Saturday 9 April 2022

#70 REVIEW OF CLOUD CUCKOO LAND

Cloud Cuckoo Land by Anthony Doerr 

For the first hundred or so pages I thought, “This is a mere rip-off of David Mitchell,” who has made connected characters across continents and eons a hallmark. Yet, while the structure may be derivative, the treatment of the themes and characters is certainly not. 

To say that Cloud Cuckoo Land is sprawling is the height of understatement.
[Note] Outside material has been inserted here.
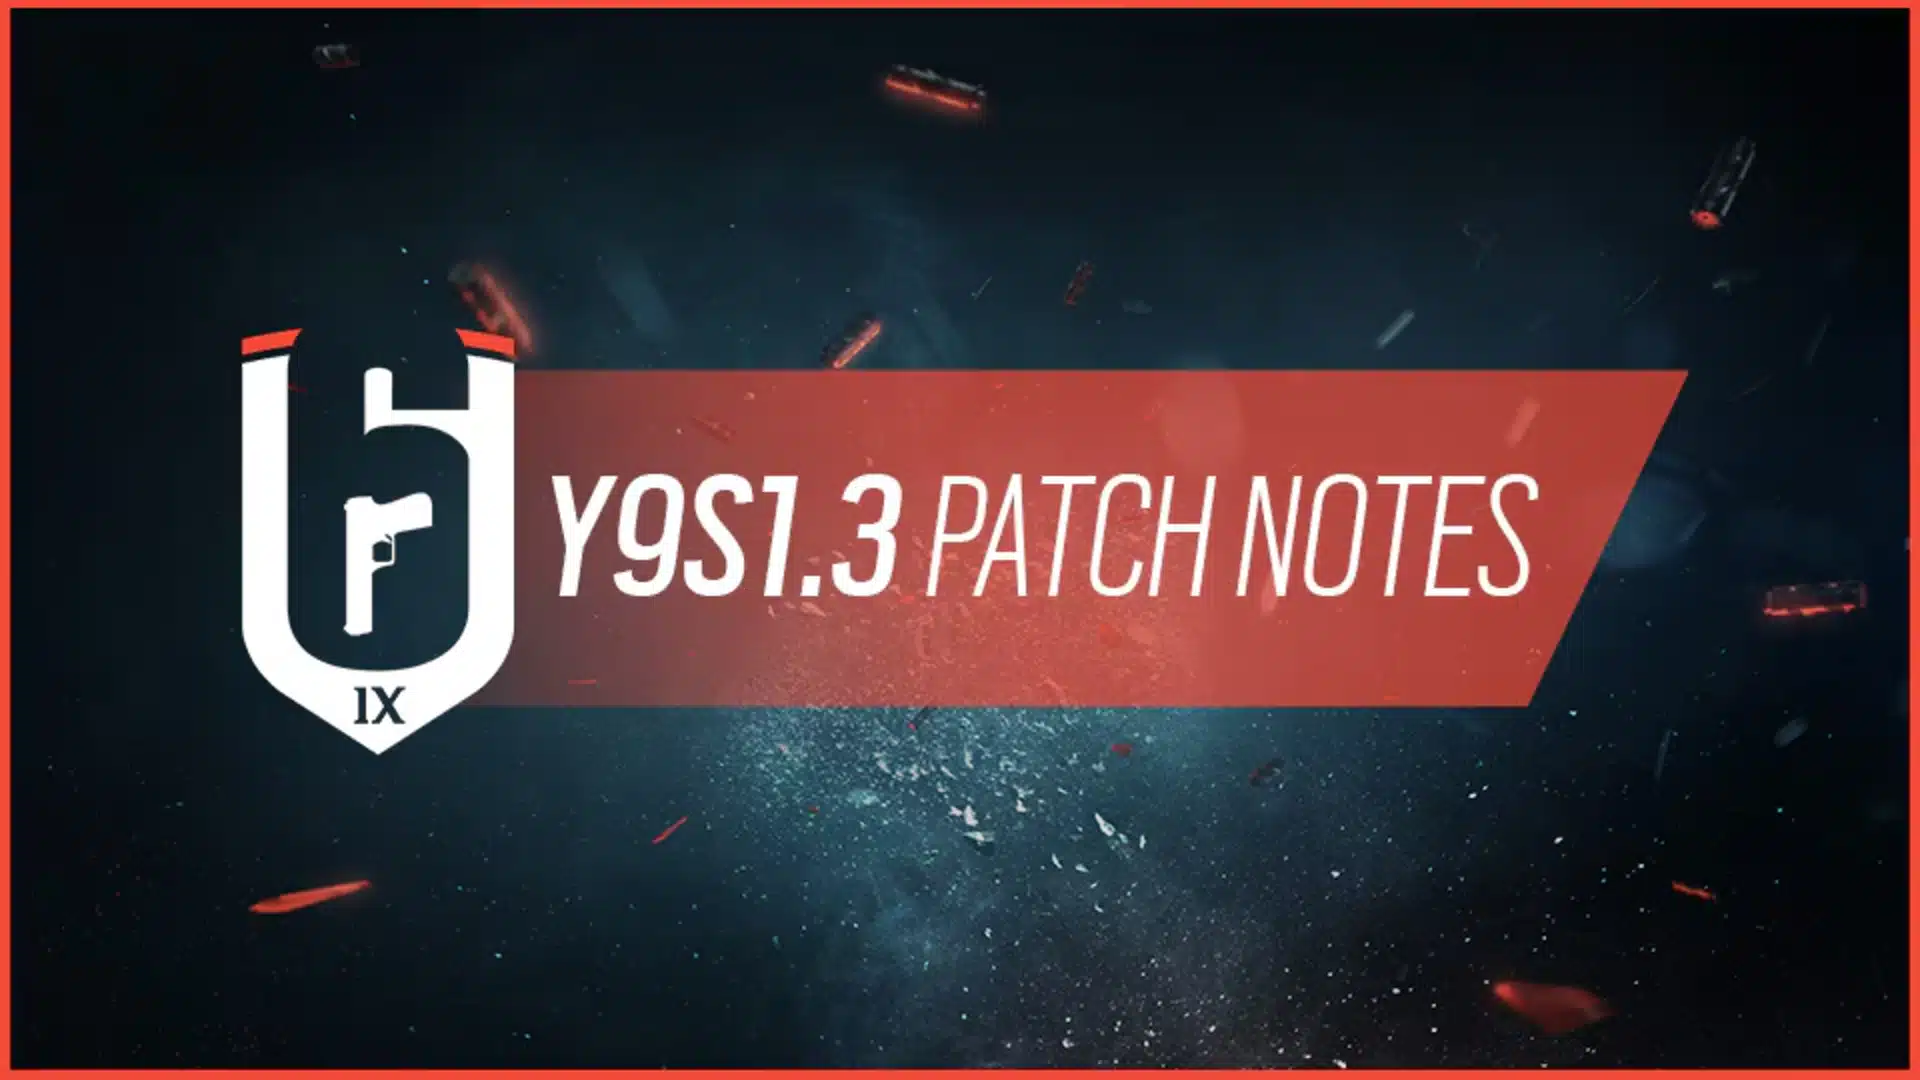 R6 Siege Update 1.000.078 Pushed Out for Y9S3.1 This May 2

It spans three millennia from the distant past of the Greek fantasist Antonius Diogenes to the near future space journey of the child Konstance, weaving together additional stories of a 15th C. Bulgarian boy and contemporary Greek girl, a 20th C. gay American veteran of the Korean War and a 21st C. adolescent product of the dying American dream amid burgeoning violence in the name of a cause. 

What separates Cloud Cuckoo Land from such Mitchell works as Cloud Atlas and The Bone Clocks is Doerr’s willing embrace of sentimentality without slush. Whereas Mitchell’s characters tend to be abstractions, Doerr’s are sympathetic flesh and blood. As in his breakout novel All the Light We Cannot See¸ Doerr has a deft ability to make the reader care about every character, even one as broken and convulsed as the eco-terrorist Seymour.  

Stories, along with the translators, archivists and librarians who preserve them, are ultimately what this book is about. As the erstwhile tutor Licinius says to Anna, “Books, like people, die. If they are not safeguarded, they go out of the world. And when a book goes out of the world, the memory dies a second death.”  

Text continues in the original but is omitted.